# problems with torching



## AetherAlan (Mar 15, 2018)

I started off with a coffee pot full of computer parts. And soaked them in hydrogen peroxide, sea salt and vinegar. I let that sit for 3 days.

Filtered the liquid in coffee filters and got an orange colored substance. Then I bought SMB (mixed 30 grams with approximately 200 mL of water. And added it to the orange solution drop by drop. (Dark scarlet color with every drop. The liquid turned partly red until a dark red/black.

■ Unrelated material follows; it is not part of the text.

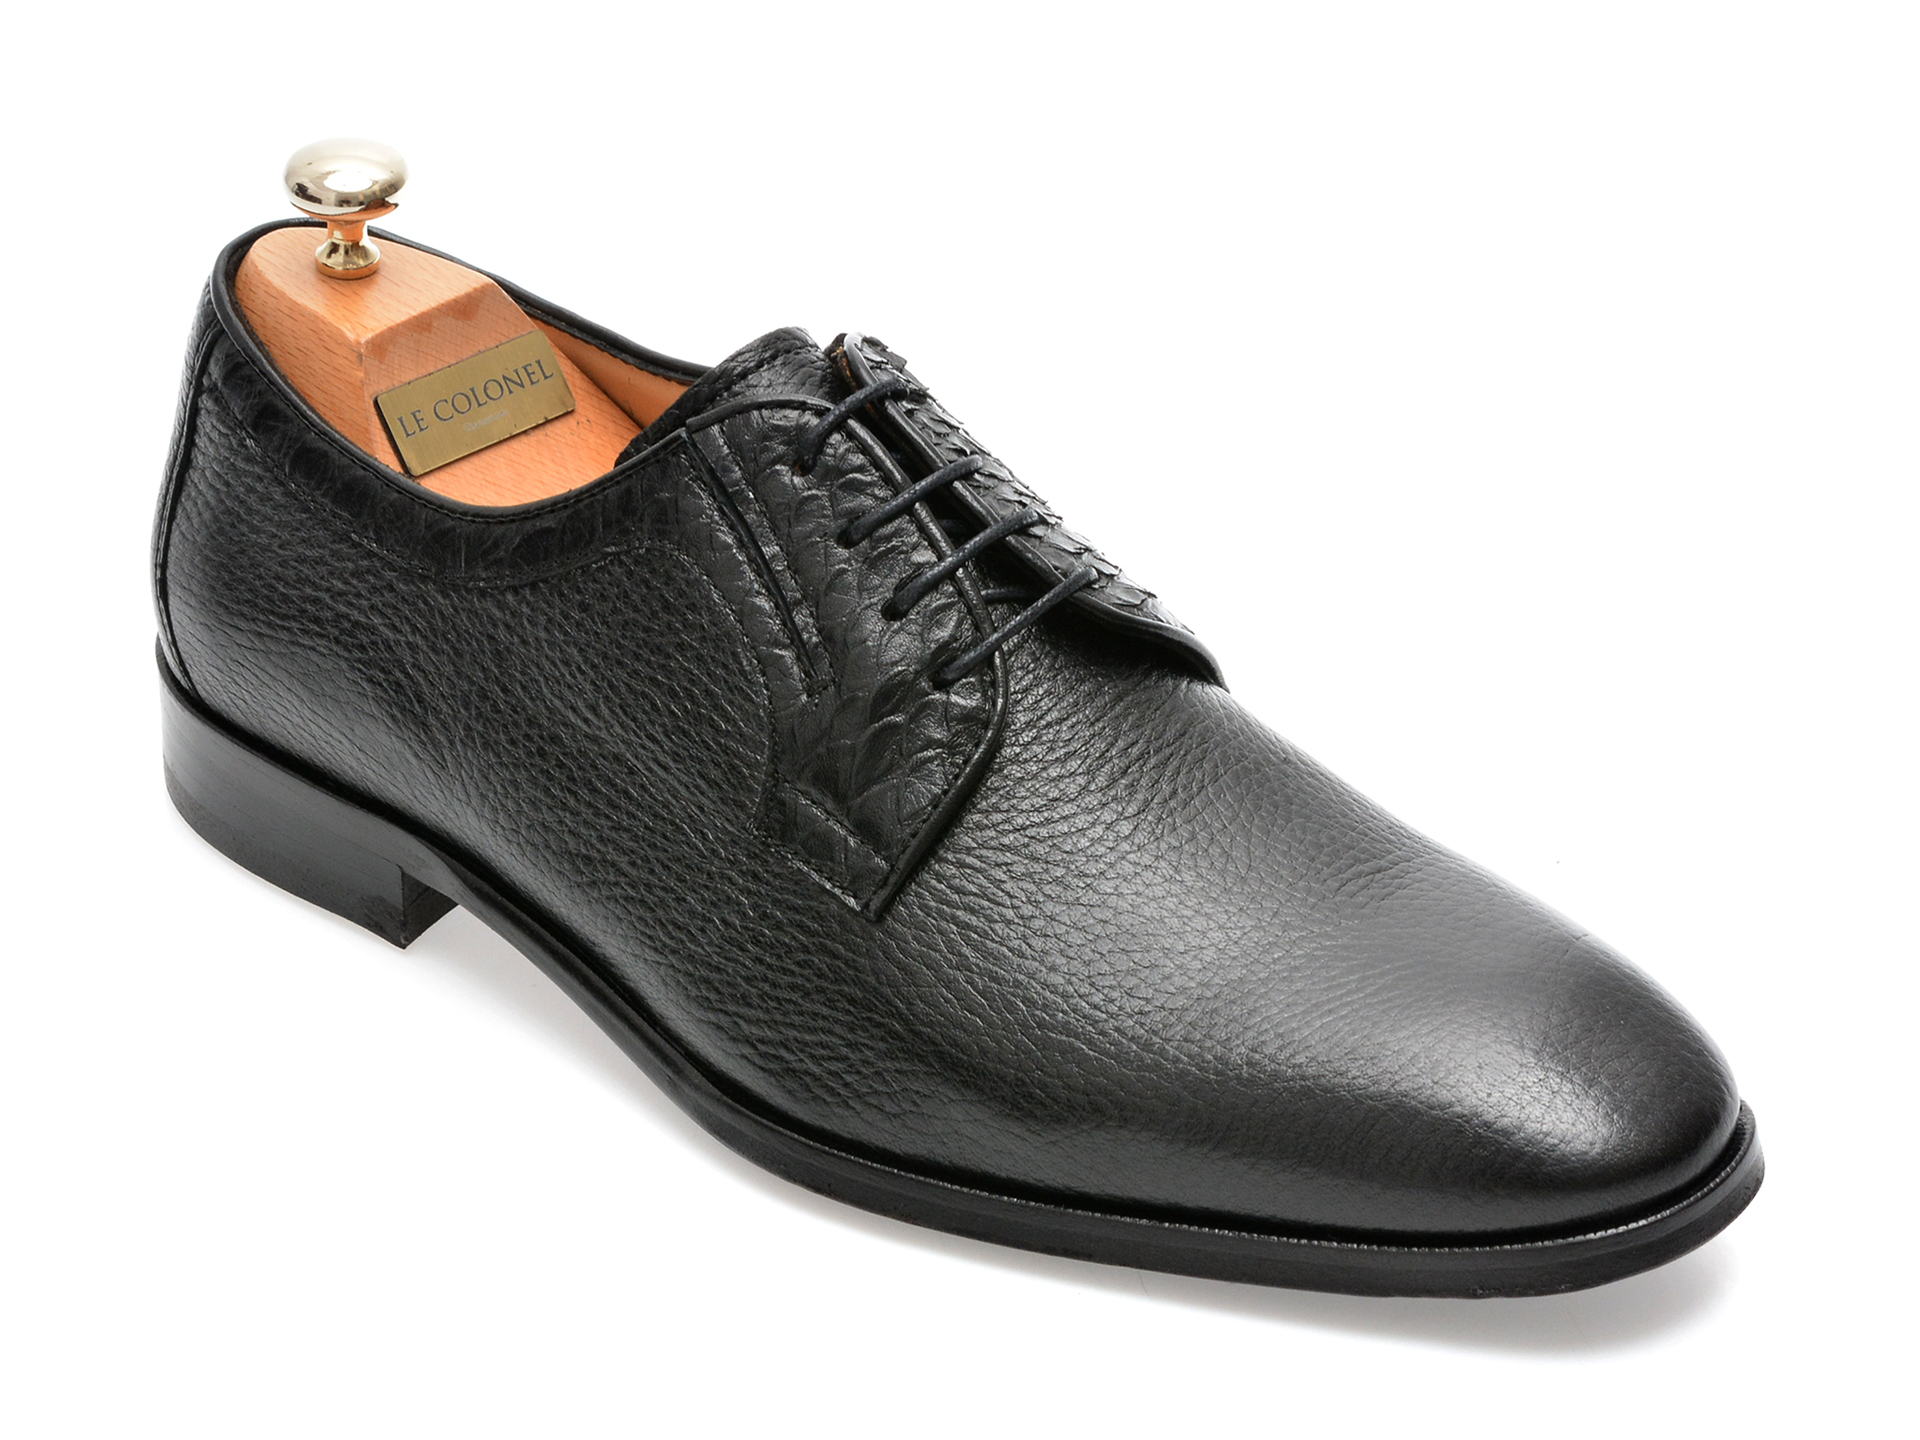 Pantofi LE COLONEL negri, 48711, din piele naturala /barbati/pantofi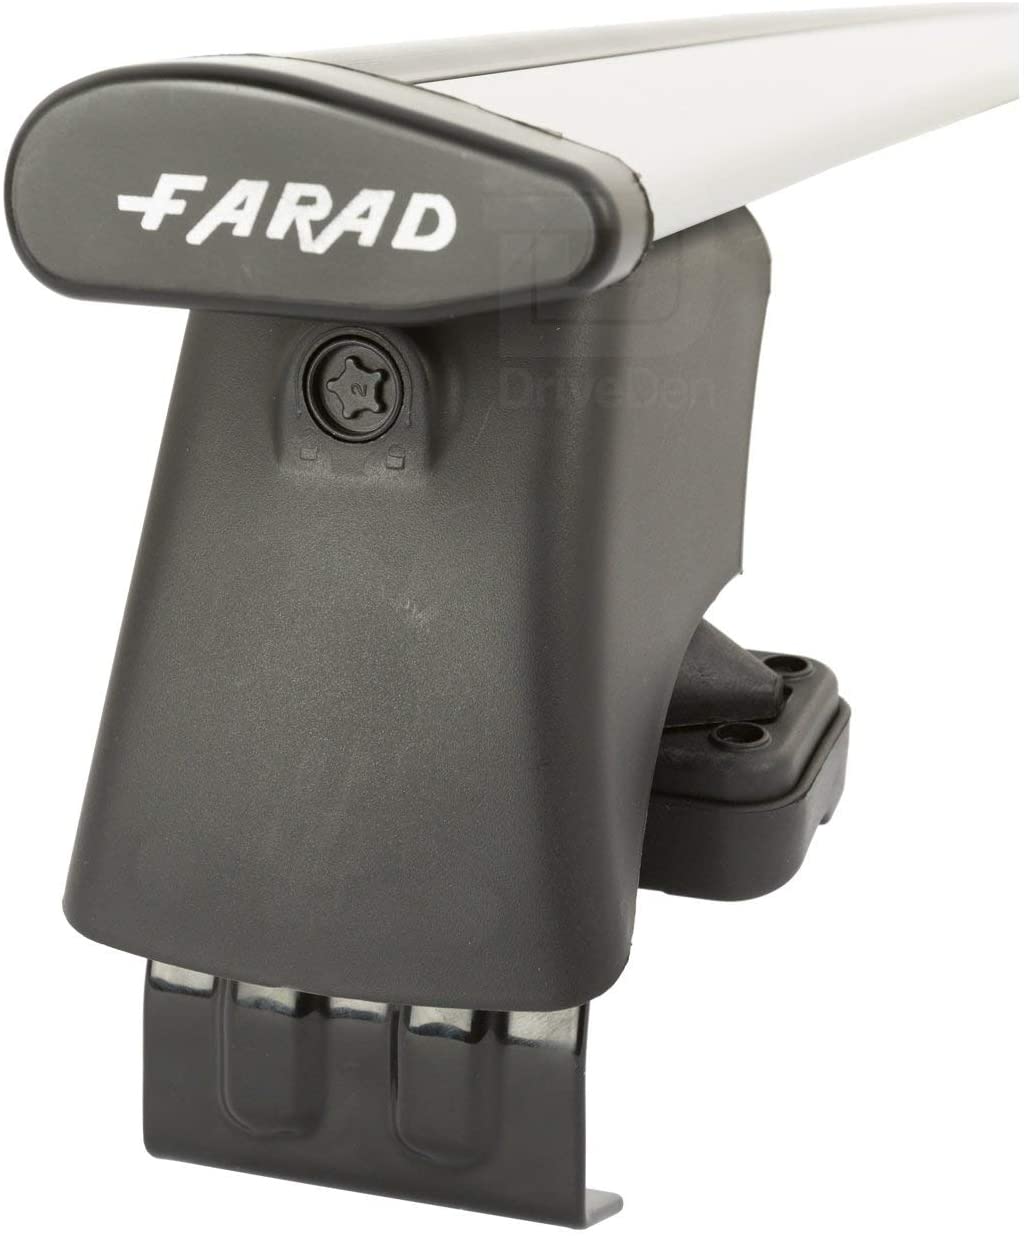 FARAD-Kit H2 per barre portatutto - Volkswagen Passat 2011-2015 (senza corrimano)

I then poured the liquid into a pot and boiled it. A brown thicker liquid then when all the liquid boiled away I was left with a thin brown powder. I torched it and it just burned. What is the brown powder?

https://ibb.co/bQMXsx
https://ibb.co/nkysQH


----------



## goldsilverpro (Mar 15, 2018)

Before you attempt this again, spend a month or two searching the forum and reading everything you can find about how to properly process the specific type of material that you have. Some people read the forum fora year or two before processing anything.


----------



## AetherAlan (Mar 15, 2018)

Is that it


----------



## jimdoc (Mar 15, 2018)

AetherAlan said:


> Is that it



That's it.


----------



## AetherAlan (Mar 15, 2018)

Booo. I listed my reagents and the processes along with pictures. I'm reading as we speak.


----------



## jimdoc (Mar 15, 2018)

AetherAlan said:


> Booo. I listed my reagents and the processes along with pictures. I'm reading as we speak.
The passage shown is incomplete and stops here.